International Journal of Business and Social Science

ISSN 2219-1933 (Print), 2219-6021 (Online) DOI: 10.30845/ijbss

Beyond Holocene: The question of Peak oil in Eco-fiction
Mofeed Bahjat Sabri

During the latest decades, significant issues that are correlated with maintaining the ecosystem and the depletion of oil started to gain wide popularity amid serious challenges the world is facing today. It is clear that nature-writings and sciences are interacting with each other in imaging, picturing out and forming the humans’ life. The question that comes to mind is what about the contribution of literary works in stirring up the cultural imagination? In a point of fact, many Eco-critics and scholars started to promote for a deeper invest in geological and ecological disciplines, noting that Eco-criticism is regarded as the interdisciplinary field that calls for a broader understanding of both the humans and nonhumans’ world. Hence, Eco-fiction works have come to evaluate the sustainable means of life, by referring to cases that strained the dominant culture like the impact of peak oil on the Holocene.
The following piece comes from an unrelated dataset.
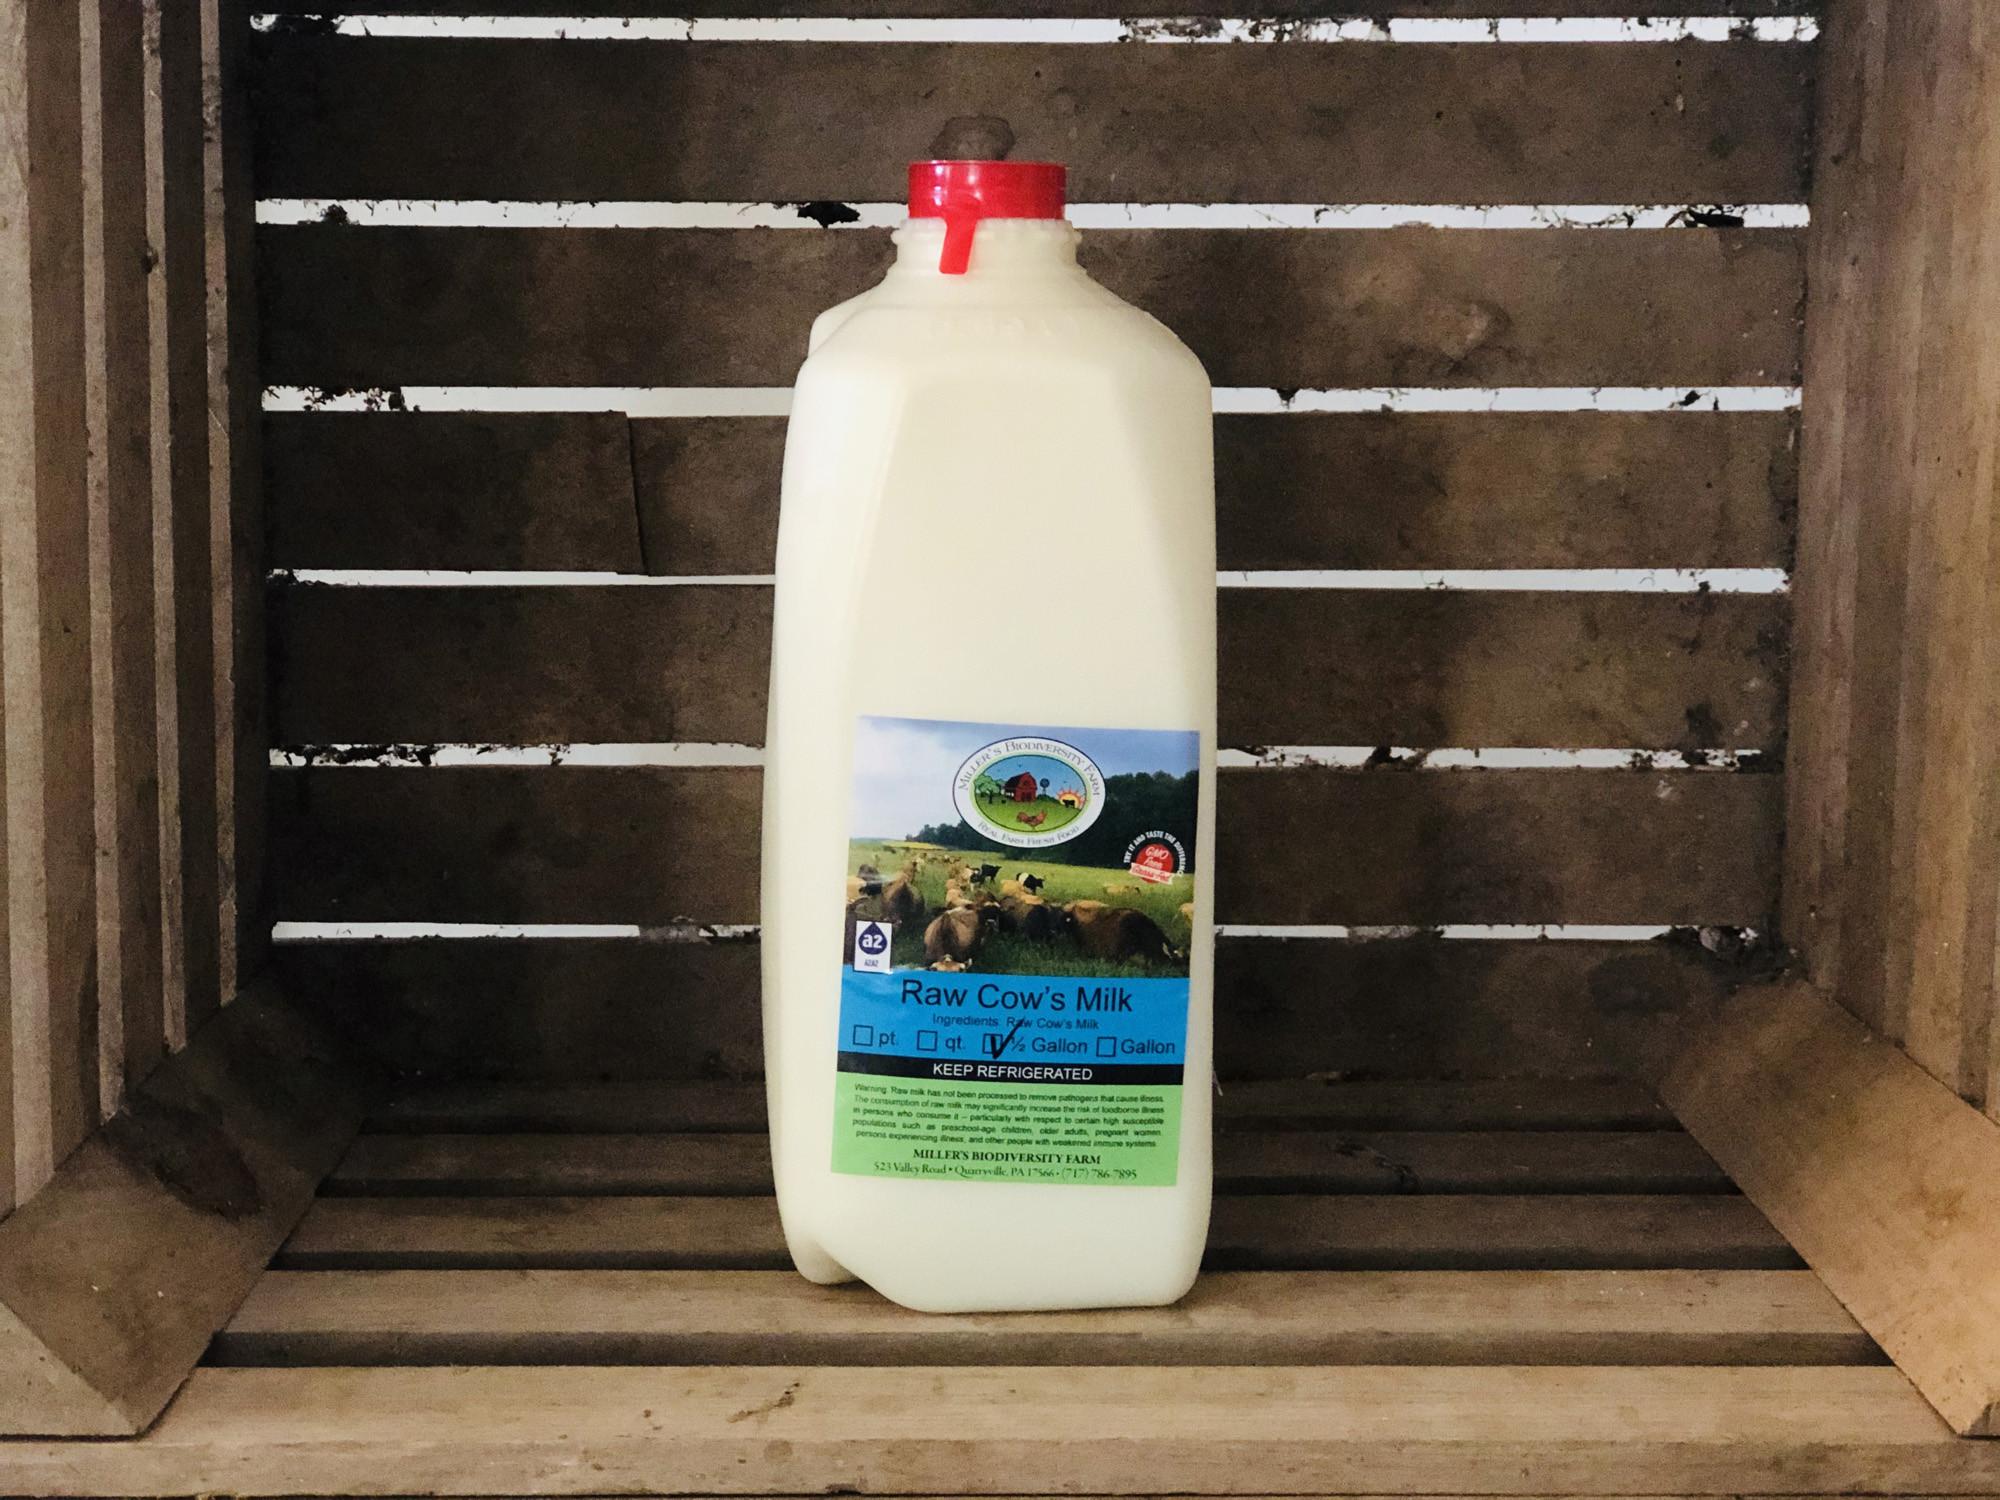 A2 Milk, 1/2 gallon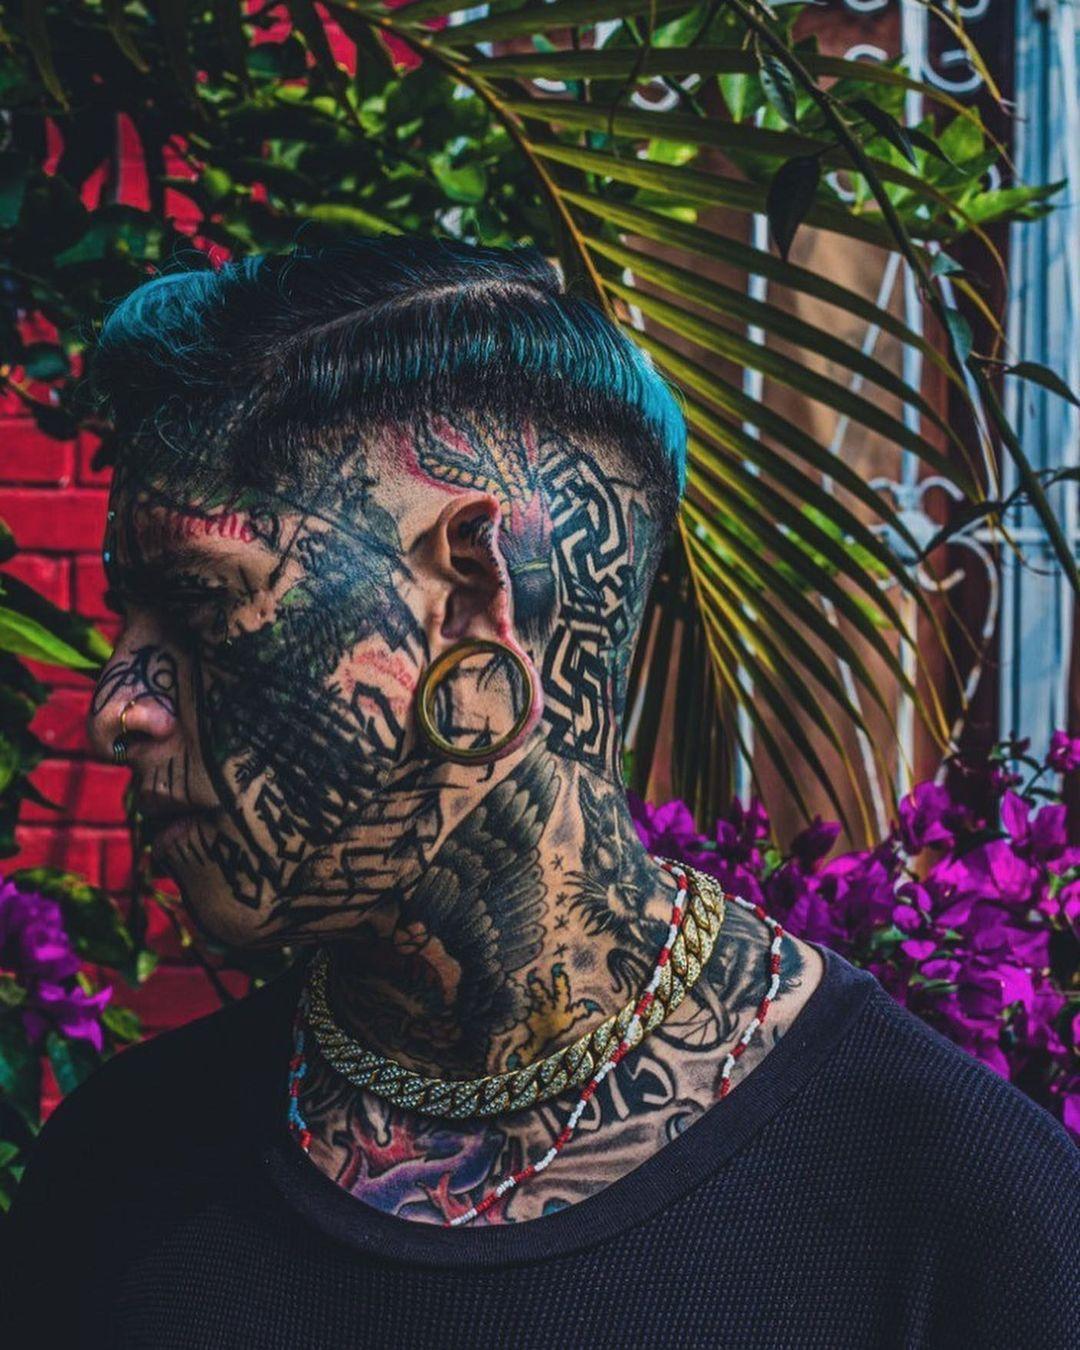 Мексиканский дьявол покрыл тело тату, раздвоил язык и закрасил глазные яблоки

In response to the challenges that contemporary societies pose to literature, it is important to bring into view novels that demonstrate different attitudes in quest to see what is the relevance of fossils fuel to the upcoming geological era after the Holocene? Considering the fact that Michael Crichton’s State of Fear still fuels contradicted views and attitudes, however, focusing on the debated work aforesaid in addition to Alex Scarrow’s Last light is an attempt to show that as an acknowledged approach, Geoscience in literature is better suited to arouse common sense on many phenomena in the surrounding world. It can be argued that, by adopting this understanding, the two novels are able to hold on to the traditional literary concepts; thereby, constructs the route by which the development of Eco-fiction is likely to take.